## [Work to be completed]
When the line with "GRL PWR quote." turns up below, begin repeating exactly, and carry on through the line with "A Brown And"; no pictures go into the copy.

## [Input material]
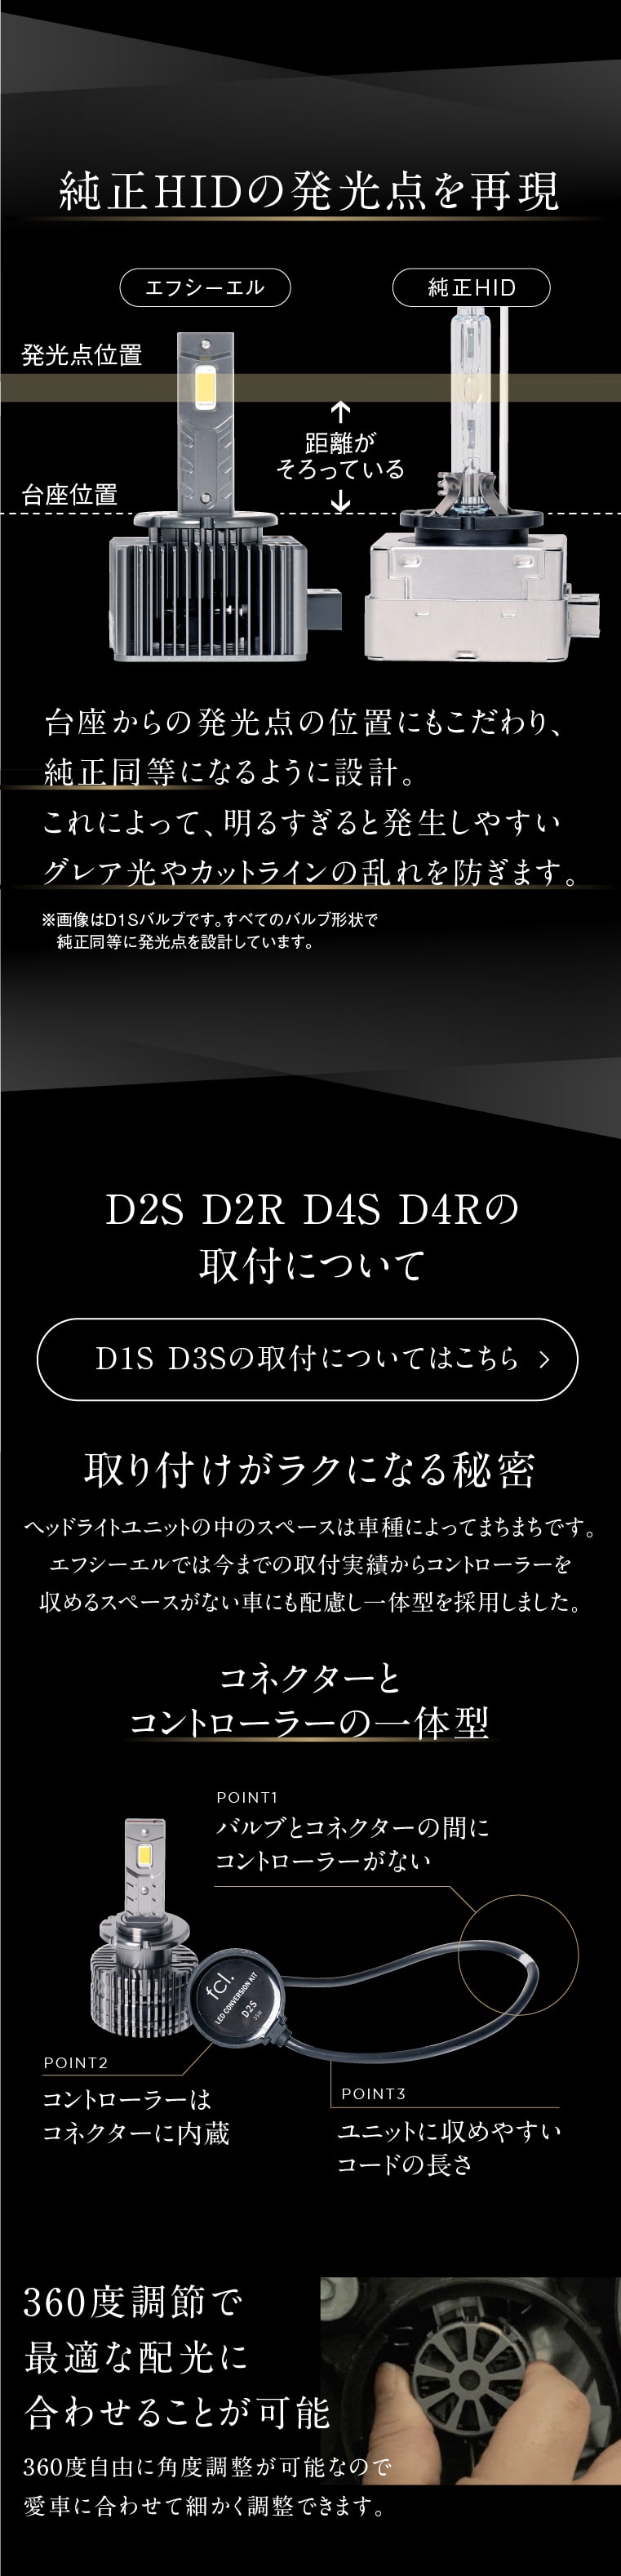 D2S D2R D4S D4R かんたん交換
* * *
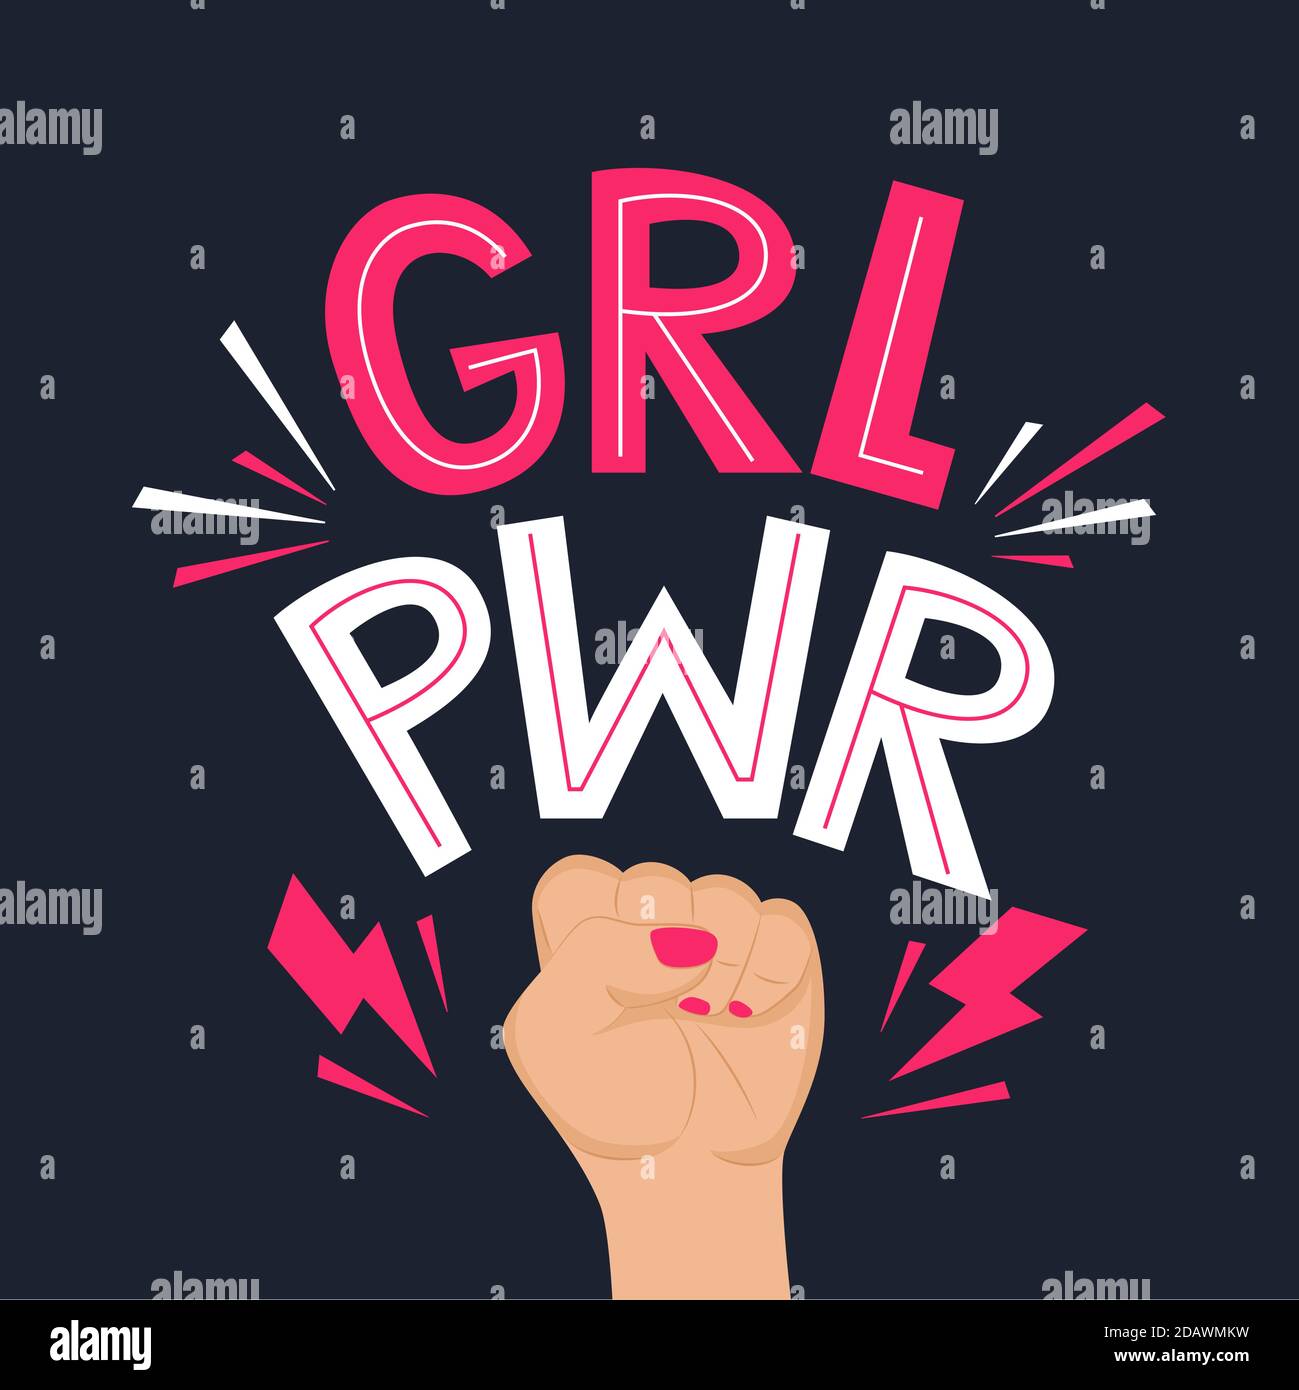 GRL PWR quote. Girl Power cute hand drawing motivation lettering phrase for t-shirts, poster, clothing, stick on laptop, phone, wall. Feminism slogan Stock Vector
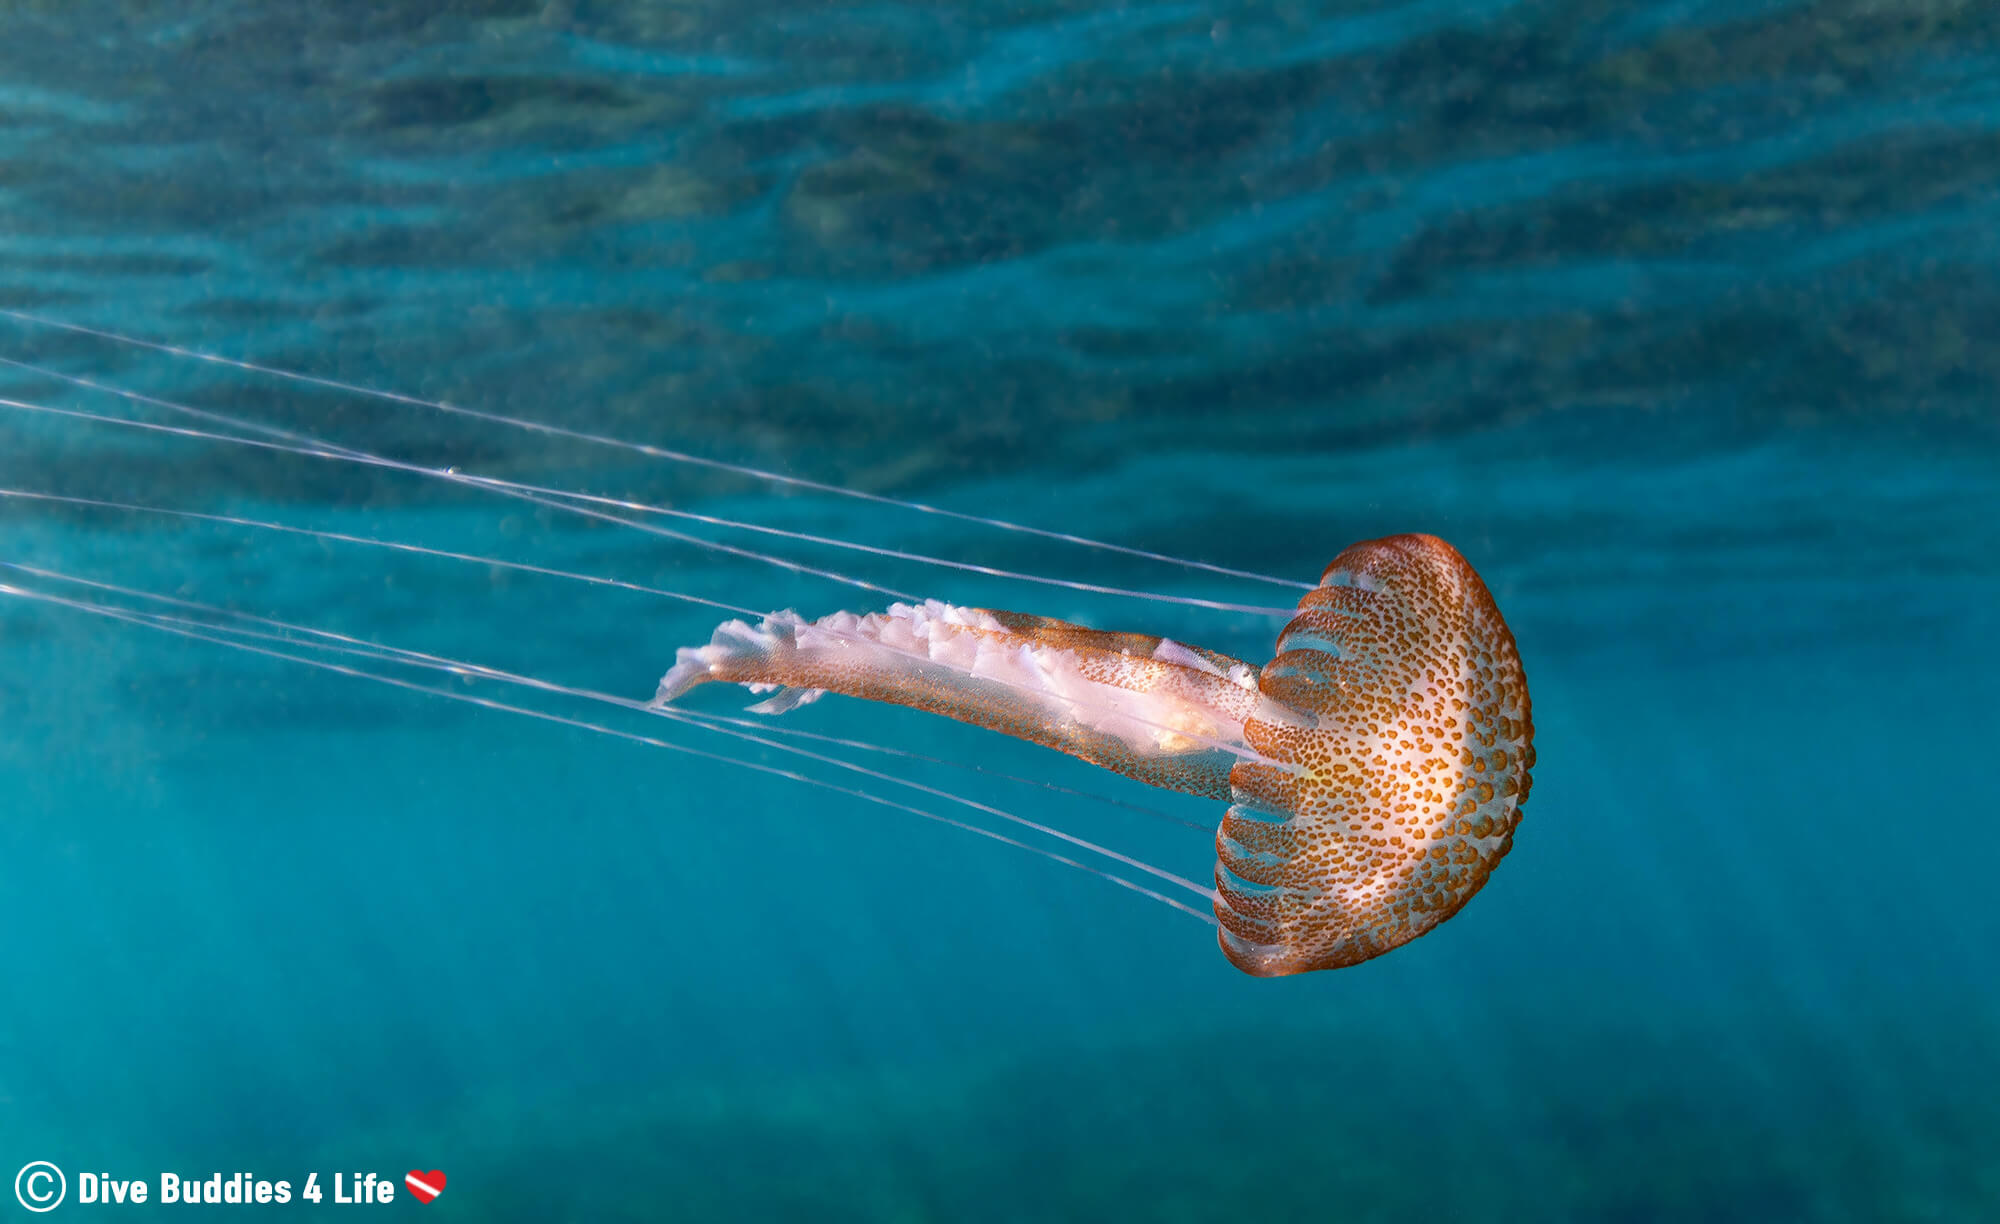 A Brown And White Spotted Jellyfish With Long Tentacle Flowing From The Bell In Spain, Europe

## [Answer box]
 GRL PWR quote. Girl Power cute hand drawing motivation lettering phrase for t-shirts, poster, clothing, stick on laptop, phone, wall. Feminism slogan Stock Vector
 A Brown And White Spotted Jellyfish With Long Tentacle Flowing From The Bell In Spain, Europe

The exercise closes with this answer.